Причина, по которой Платон придает такое особое значение различию между общим и индивидуальным, причина, по которой он всегда начинает с определения сущности общих, а не индивидуальных сущностей, очевидно, заключается в том, что он впервые осознал, возможно под влиянием сократовской мысли, связь между научным прозрением, проницательным пониманием, очевидным знанием истины, с одной стороны, и общим знанием – с другой; связь, которую Кант описывает, называя «всеобщность» и «необходимость» в знании взаимозаменяемыми понятиями. Поднявшись над результатом, который дает нам фактическое измерение суммы углов одного треугольника, и осознав, что для треугольника не обязательно, чтобы сумма углов была равна 2 R, мы поднимаемся от простой констатации факта, как это делает геодезист, к научной проницательности математика. И это осознание того, что научное познание истины всегда связано с общим (которое он, очевидно, впервые увидел в математике), становится особенно важным для Платона, поскольку открывает ему путь к победе над его главным противником, скептицизмом софистов. Безудержный скептицизм софистов завершается предложением, что не существует истины, которая была бы действительна для всех людей. Мы окунаем обе руки в одну и ту же воду, и она кажется одной руке холодной, а другой теплой – как нет смысла рукам спорить о том, кто из них прав, так нет смысла двум людям спорить о своих мыслях, о том, кто из них представляет себе истину, а кто – ложь; для каждого из них его мысль истинна.

Здесь нет убеждения, доказательства или опровержения, а есть только убеждение, то есть попытка с помощью искусства речи (которому софисты намереваются научить) убедить собеседника принять свои идеи вместо его собственных. Платон стремится опровергнуть этот скептицизм, подхватывая то, что верно в аргументах и примерах софистов, и отделяя их от ложных выводов: Однако там, где речь идет только об отдельных единичных сущностях, нет универсальной истины, нет познания, а есть только воображение, мышление, ибо единичное есть нечто возникающее и исчезающее, нечто постоянно меняющееся, различное в зависимости от того, как его рассматривают, как показывают и примеры софистов, – как же то, что никогда нельзя постичь в строгом тождестве, может быть действительным, вечным и действительным для всех, как того требует идея истины? Пока софисты правы, но единичным и индивидуальным объектам противопоставляются общие понятия, которые не возникают и не исчезают, которые по самой своей природе удалены от изменений, каждое из которых противостоит множественности изменяющихся индивидов как Единое, остающееся неизменным. Отдельный человек – это сначала ребенок, потом юноша, потом мужчина и старик; поэтому ни одно из этих определений мы не можем отнести к нему как действительно действительное, он в одном отношении сын, в другом в то же время отец, поэтому к нему применимы противоречивые определения. С другой стороны, понятие «ребенок» никогда не может стать понятием «старик», тогда как понятия «отец» и «сын» всегда находятся в фиксированном отношении друг к другу. Единая вещь может стать из одной двумя, тремя и более: стоит только разбить ее, и она в одно и то же время едина и множественна, ибо включает части в себя; с другой стороны, число 1 никогда не может стать числом 2, но между ними существует неизменное математическое отношение. Вот почему по отношению к общим понятиям существует то, чего нет по отношению к отдельным вещам: строго достоверная истина и знание. Это познание относится именно к неизменным отношениям, существующим между понятиями, к систематическому порядку понятийной системы. Разумеется, то, что относится к понятиям, косвенно переносится и на индивидов, поскольку индивиды участвуют в понятиях, поскольку они подпадают под понятия, то, что относится к понятиям, относится и к ним: поскольку человек – ребенок, он не старик, поскольку вещь одна, она не большинство, и так далее.

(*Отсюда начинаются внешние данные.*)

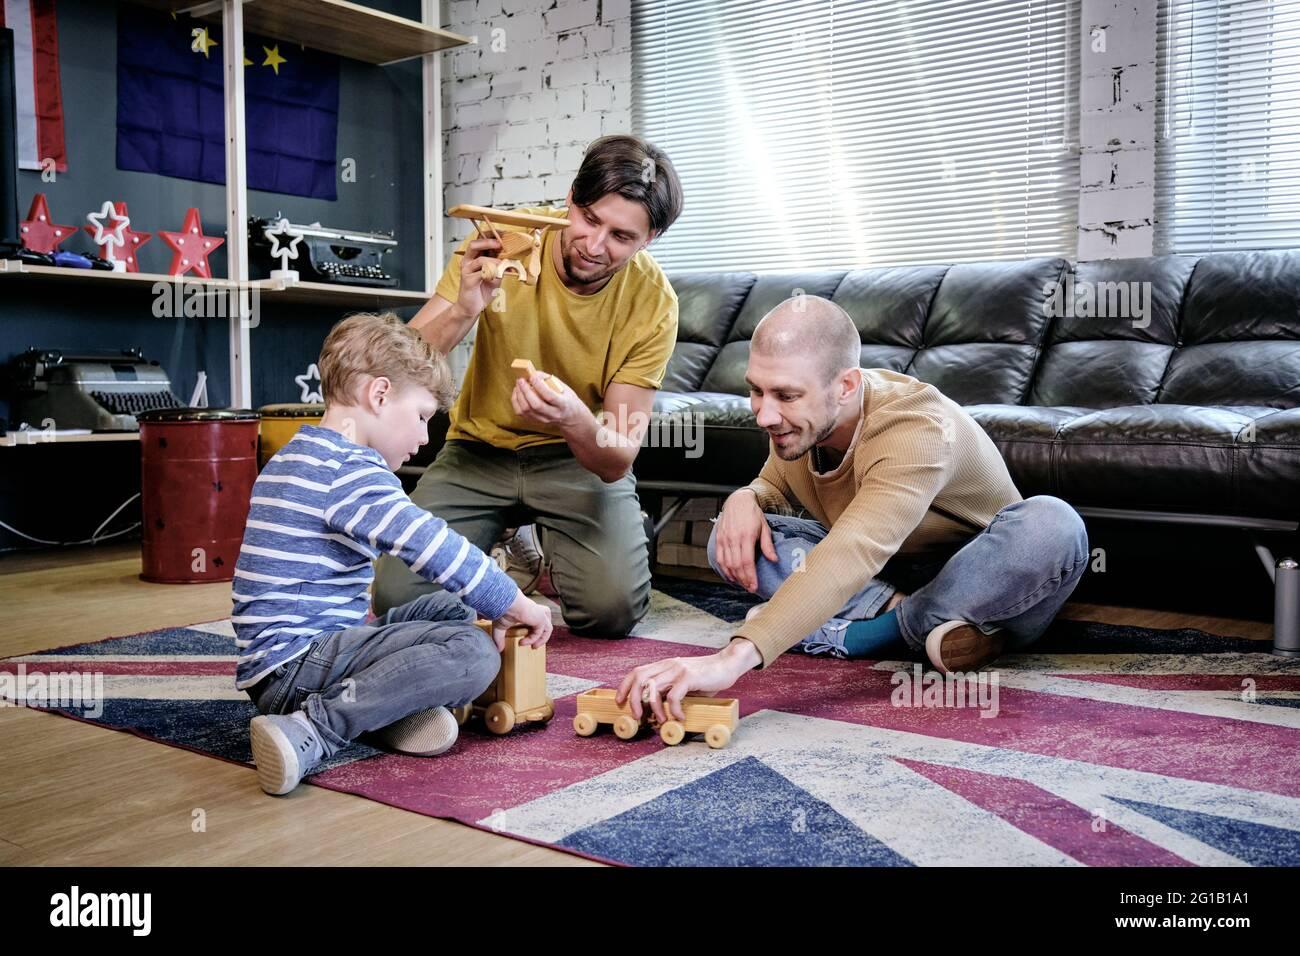 Dos hombres jóvenes y un niño pequeño jugando en el piso de la sala de estar Foto de stock

Путь к познанию истины, отрицаемый софистами, – это путь к общим понятиям. Общие же понятия образуют целостный мир вечных и неизменных предметов, которые существуют сами по себе, то есть не в отдельных вещах, а отдельно от них и только в логическом отношении к ним. Как же постичь эти объекты? Нетрудно заметить, что по мере того, как Платон подходит к этому вопросу, «идеи» начинают очень близко подходить к отдельным вещам по способу их существования. Мы не «видим» человека, как мы видим отдельных людей, но мы постигаем его, мысля в лице отдельного человека. Это схватывание, однако, теперь описывается как воспоминание: вид отдельного человека вызывает во мне воспоминание об идее человека. Но мы можем вспомнить только то, что видели и видели раньше, поэтому в предсуществовании мы должны были жить в мире идей и видеть этот мир так же, как мы живем сейчас в мире физических вещей.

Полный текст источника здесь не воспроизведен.